America’s Propensity for Addiction

Create: 03/01/2017 - 05:29

In a democratic society, there is the need to agree on what are the basic facts.  Even more important is the search for consensus on tackling and solving certain social problems.  At this juncture in American society, the value consensus when it comes to foreign policy and domestic policy is in a severe contradictory state.  The society is being harmed by the rise and prevalence of demagogic leadership.

         In the Post-World War II period, America was armed with a plethora of well-educated foreign policy specialists whose wisdom guided the nation to establishing a new world order. One notable figure was George F. Kennan who was head of Planning in the United States State Department.

         Kennan was the author of the far reaching article published under a pseudonym as “Mr. X” that appeared in the journal, Foreign Affairs.  America had to respond to the encroaching Red Army that had imperialistically marched into Eastern Europe.  Kennan’s counsel was not to immediately go to war with the Soviet Union but to implement a policy of containment. NATO and other international alliances were set up to contain the expansionist-inclined Soviet Union.  The policy avoided a hot war and subsequently led to the crumbling of the Soviet Union as a result of its own internal failures.
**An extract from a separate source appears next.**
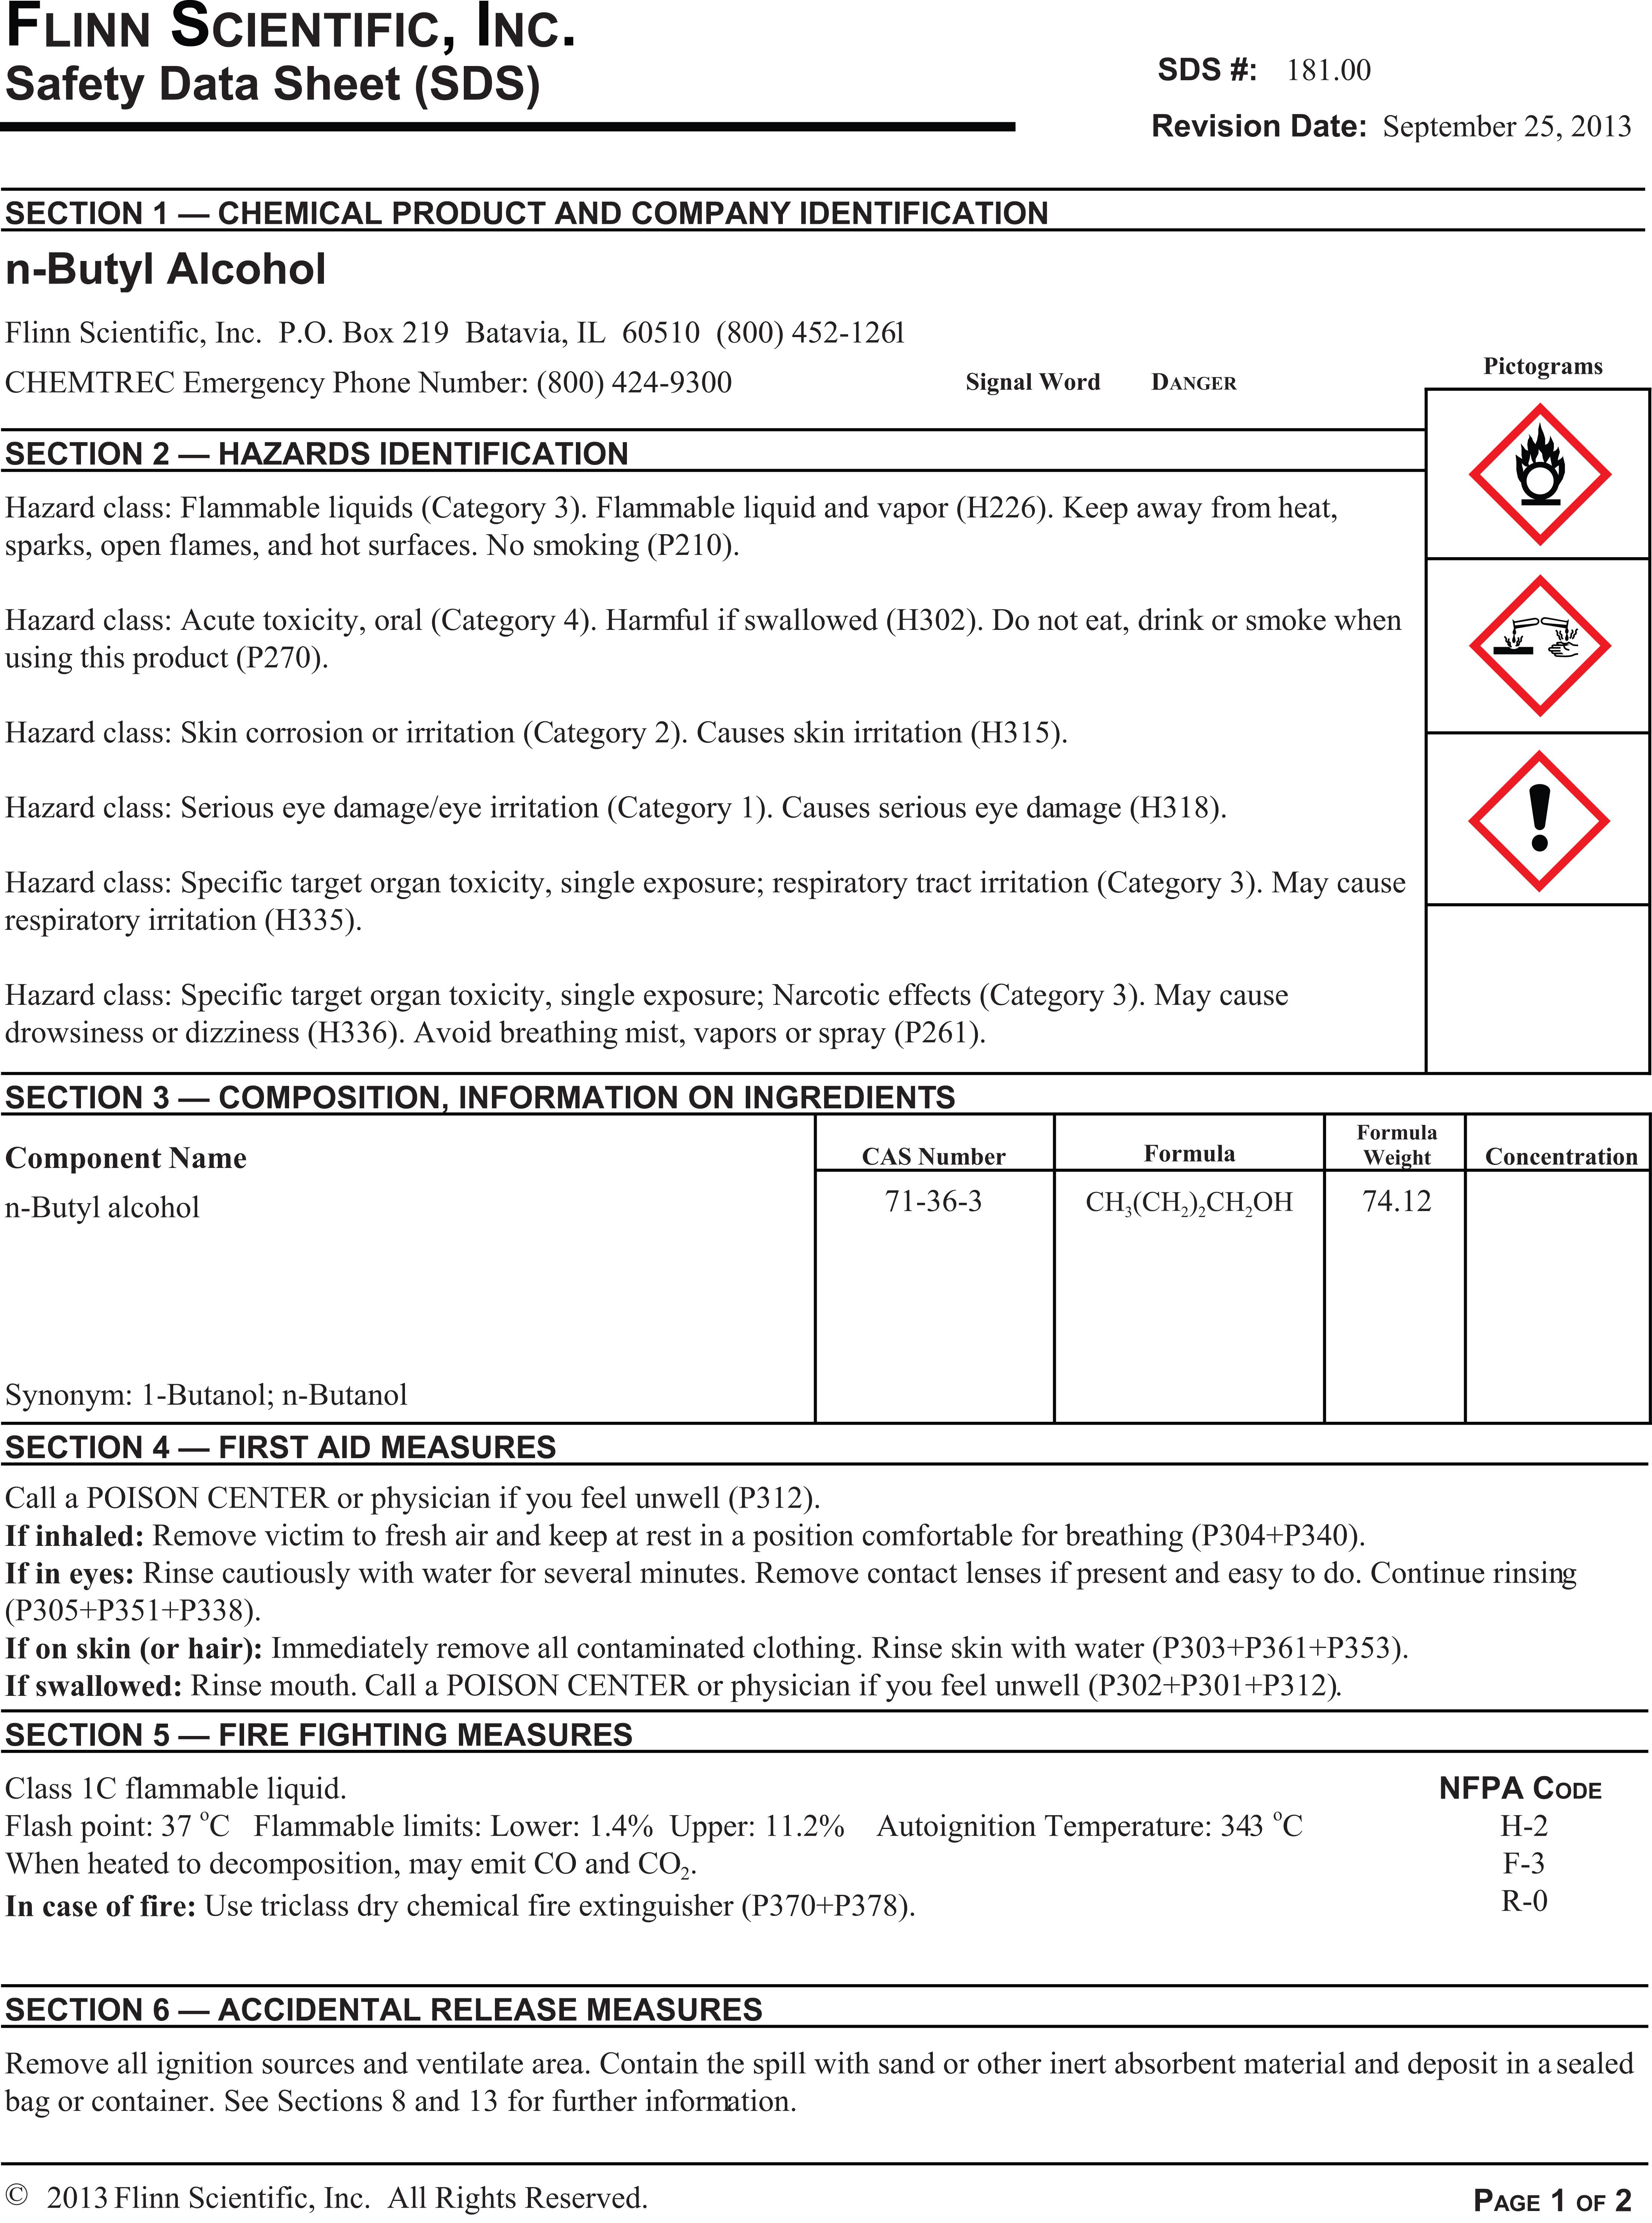 Flinn Safety Data Sheet Sds Library

         Other statesmen like former General, George Marshall, were astute enough to recognize that America’s return to isolationism would not serve America’s national interest and pursued a policy of what became known as the Marshall Plan that was instrumental in the rebuilding of Europe.
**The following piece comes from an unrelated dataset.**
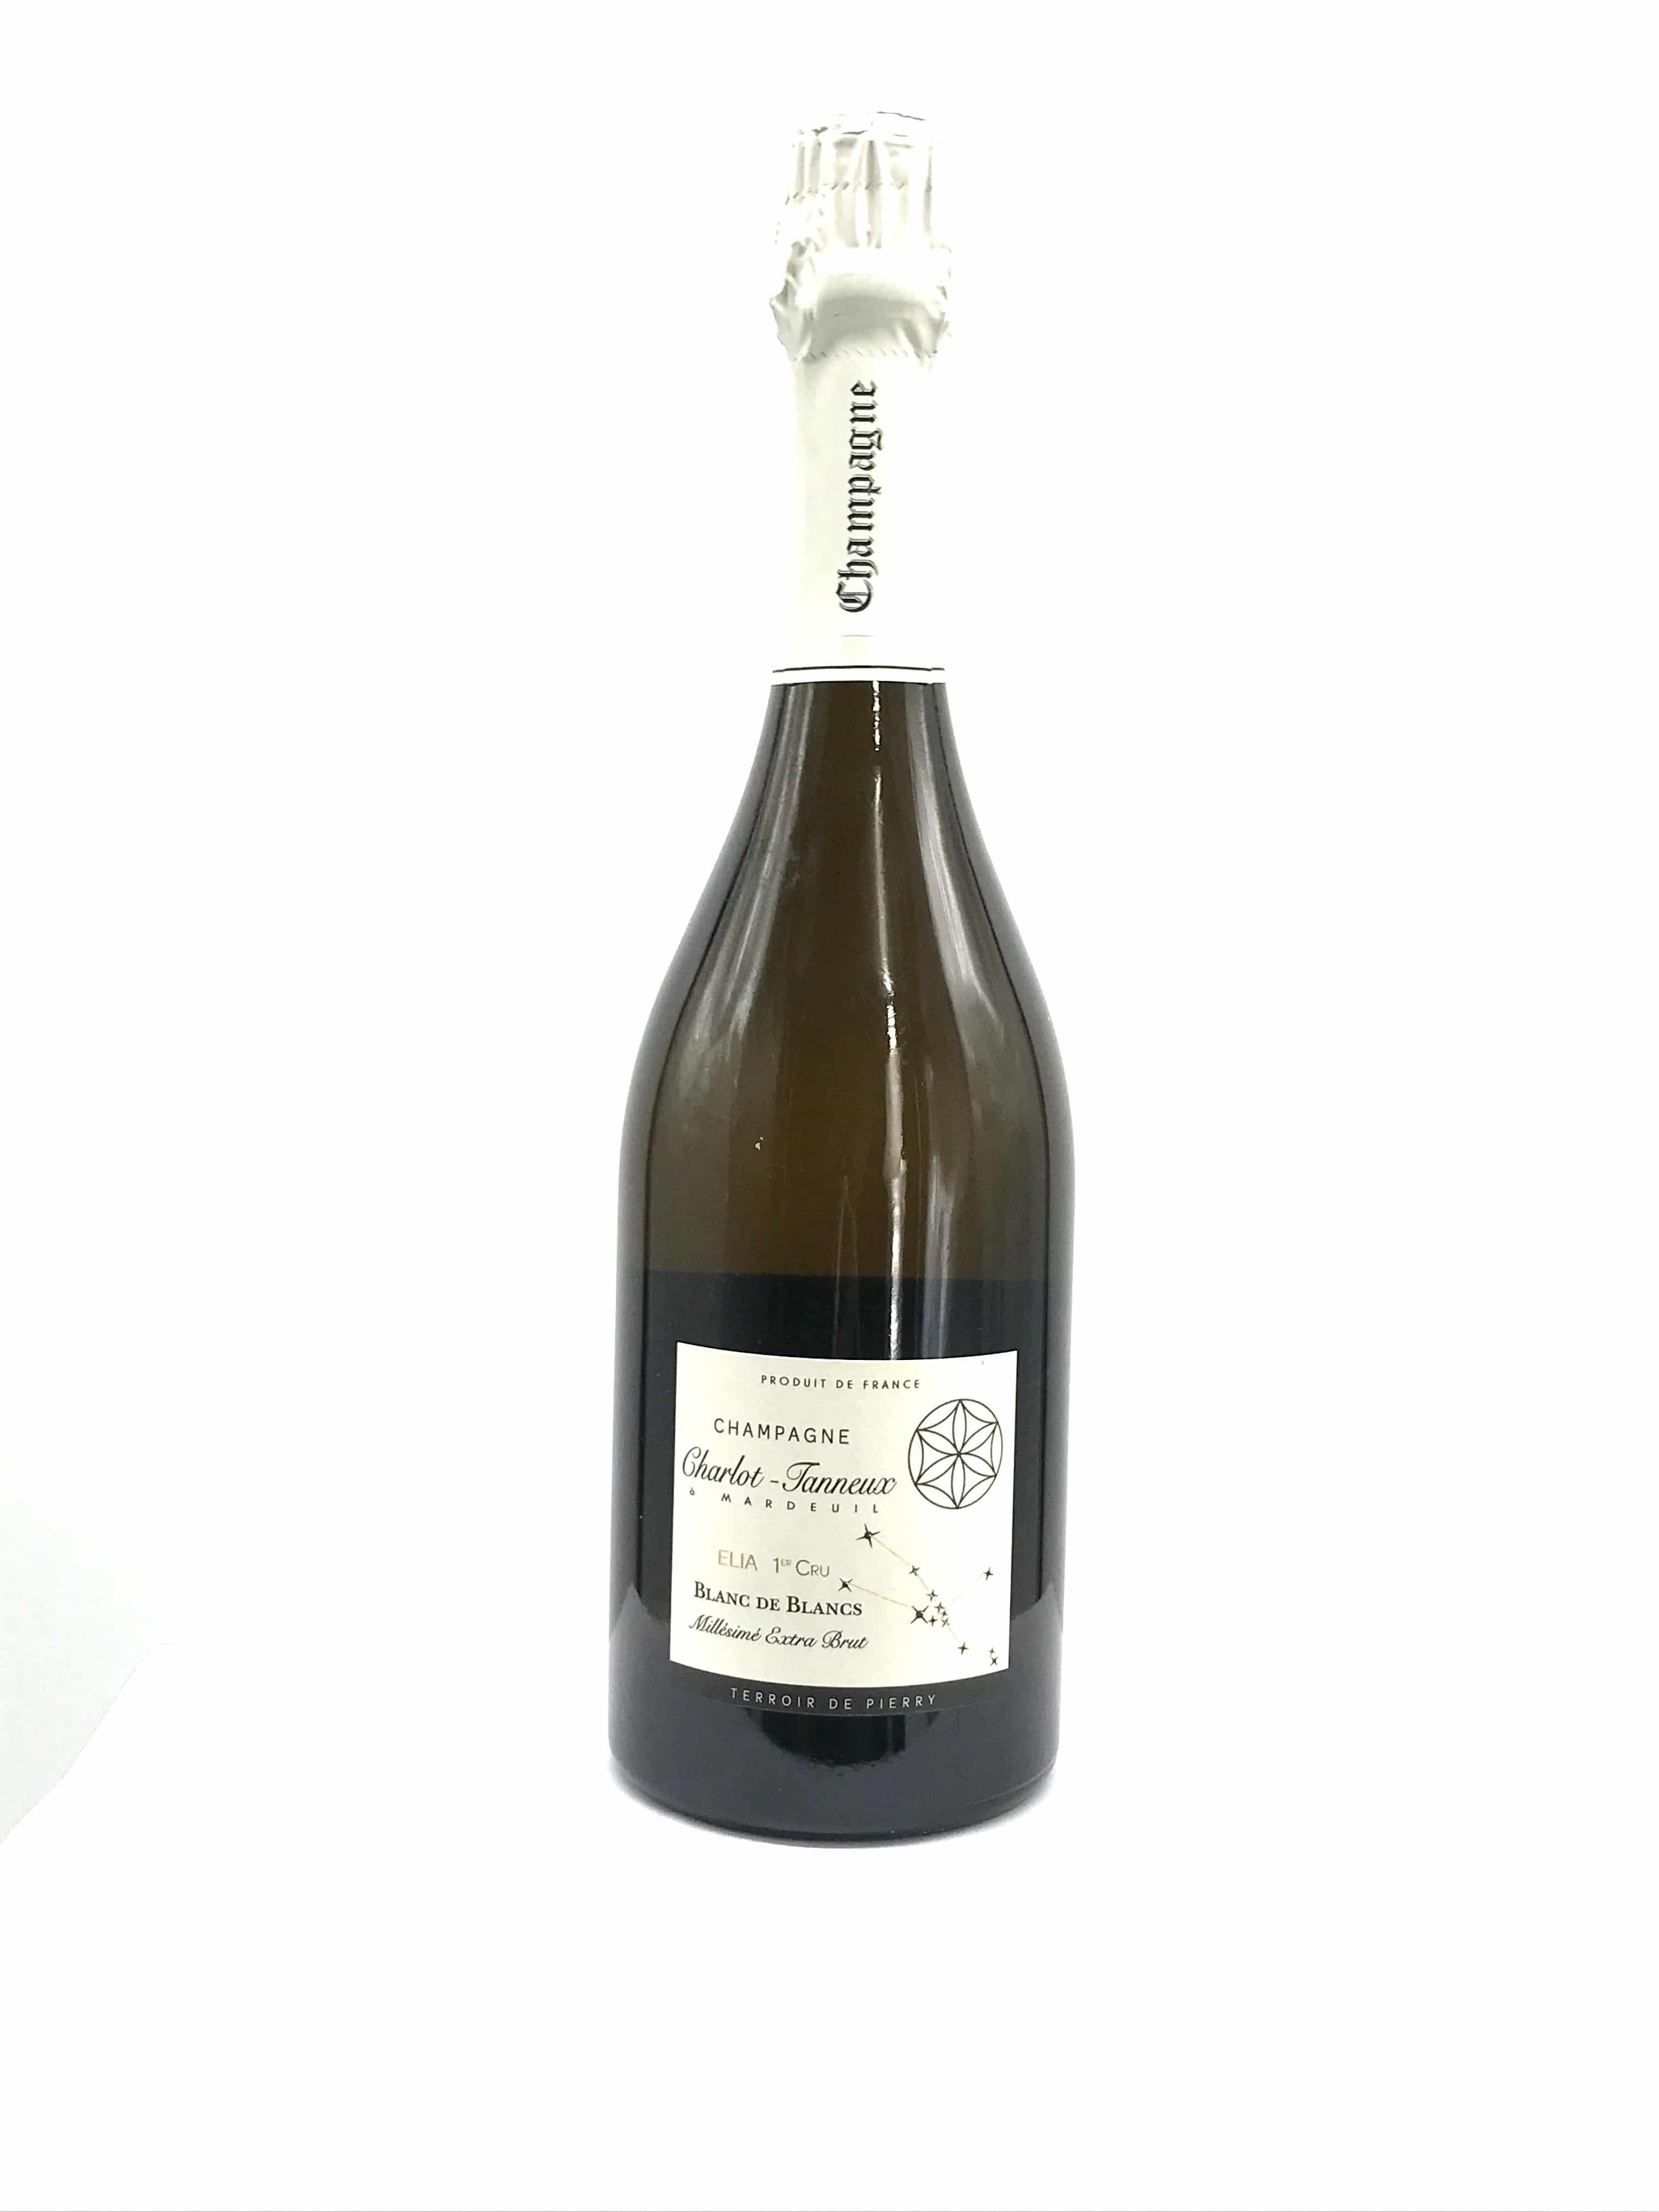 Champagne Charlot Tanneux Cuvee Elia 2012

         In the second decade of the twenty-first century, America is lacking in elected officials and non-elected officials who are capable in putting together far reaching policies that pay long term dividends for the American nation.  Instead, we have fallen prey to fearmongers who demagogically scapegoat problems and negate the urgency to vigorously solve certain national problems that are eating at the social fabric of the nation.
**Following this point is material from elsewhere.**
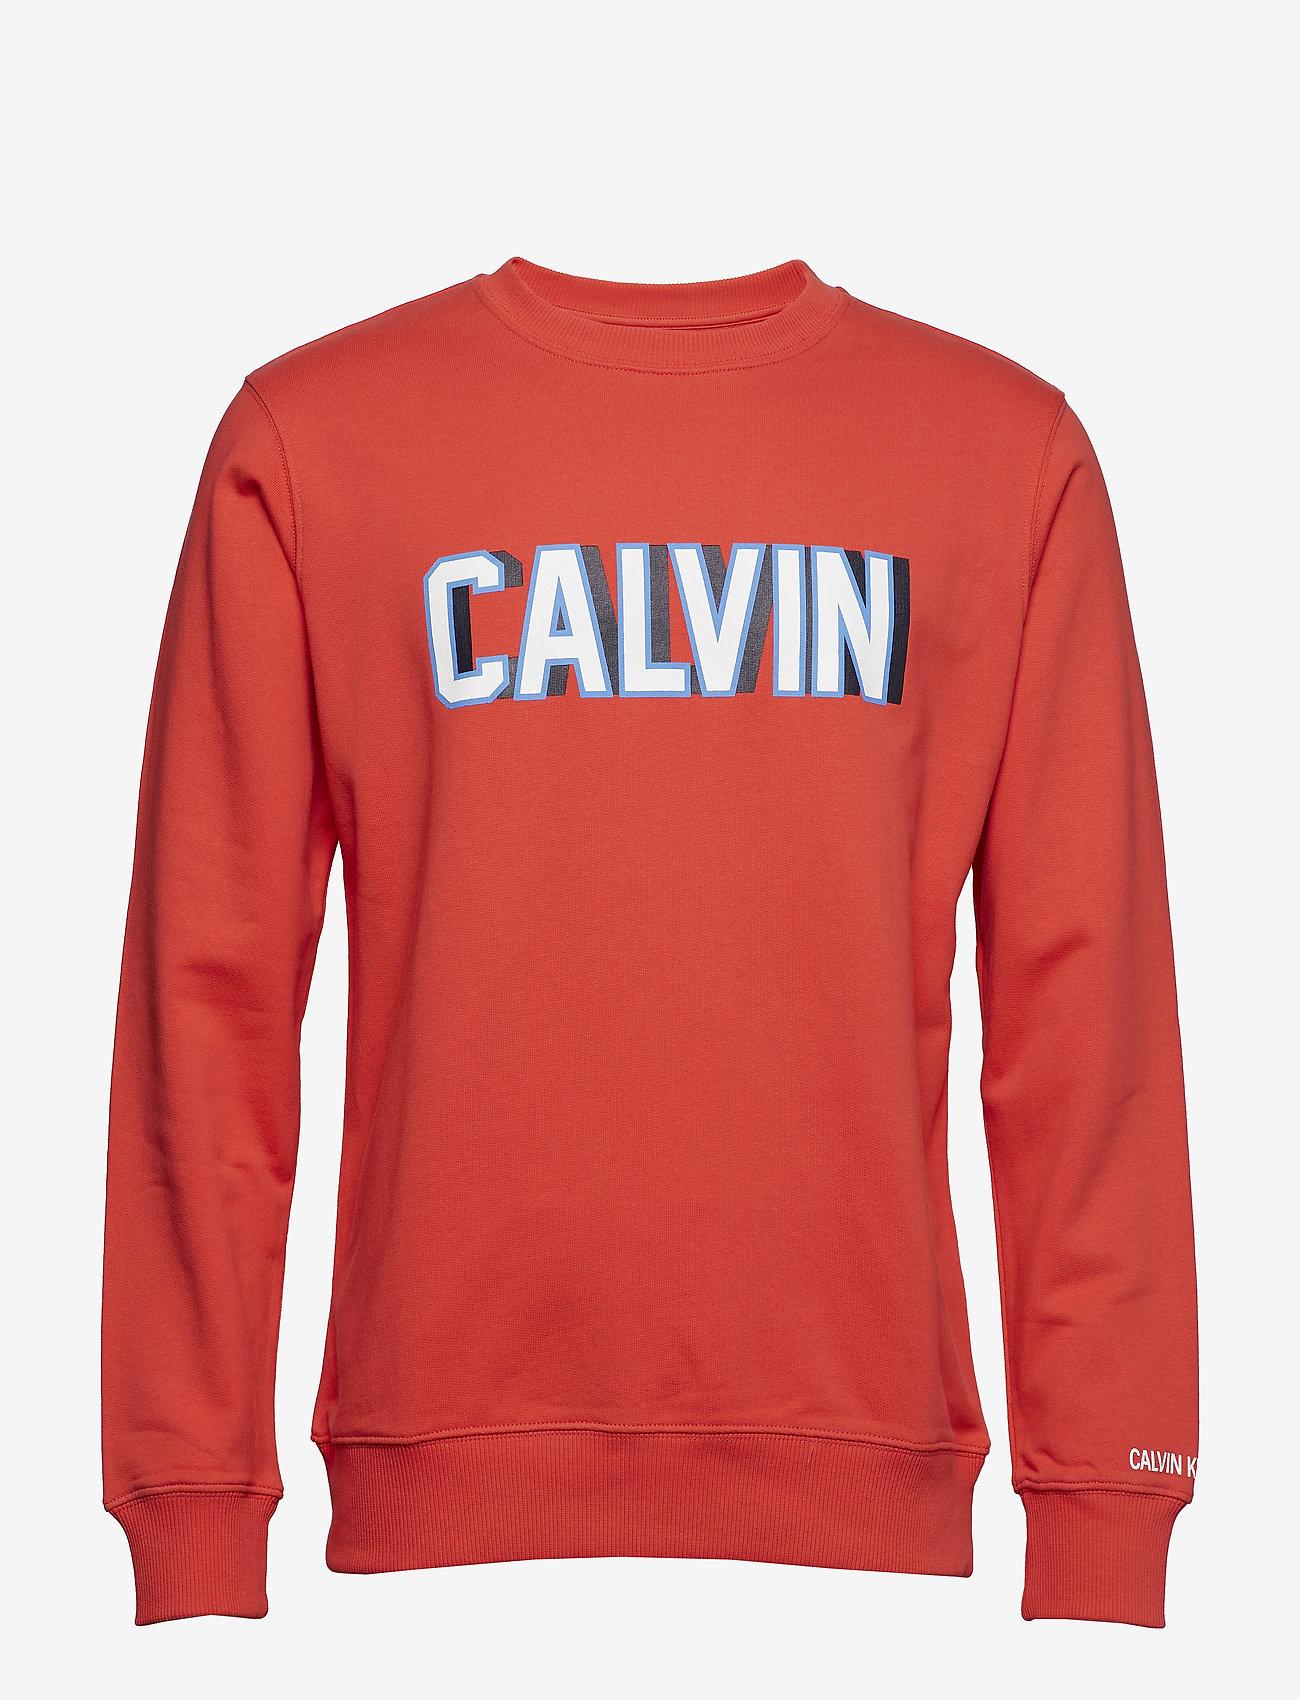 Calvin Klein Jeans - CALVIN LOGO CREW NECK - sweatshirts - tomato

         One critical problem that has worsened in recent years is America’s propensity for drugs.  The country is all over the landscape in regards to drugs.  From the 1970s the Nixon administration had declared a war on drugs.  By any stretch of the imagination the War on Drugs has been a national failure.  It has been successful in inundating our jails and prisons with non-violent offenders.

         But even more alarming is the push in states to legalize marijuana, some states for medical reasons, some for recreational reasons.  The Federal government has not changed its policy as marijuana is still listed as an illegal drug.

         The Surgeon General is very much aware of the epidemic in the use of addictive drugs and has published a study aimed at educating Americans and to get decision-makers to deal with the crisis of addiction.

         The percentage of the population who engages in alcohol misuse and illicit drugs is indeed troubling.  66.7 million Americans in 2015 engaged in binge drinking.  There were 27.1 million users of illicit drugs.  Most Americans who use alcohol use it for recreational purposes.  What is alarming to the Surgeon General is that there isn’t a national policy and sufficient resources to treat substance abuse disorders.  Insurance policies tended not to cover substance abuse treatment modalities although the Affordable Care Act did rectify that situation in some respects.  The ACA has made the treatment of substance disorders an integral part of insurance coverage.

         In the treatment of substance abuse disorders, there will invariably be relapses and Resource Support Services (RSS) are critical to ensure that when there is a relapse, RSS is there to bolster the patient’s chance of success.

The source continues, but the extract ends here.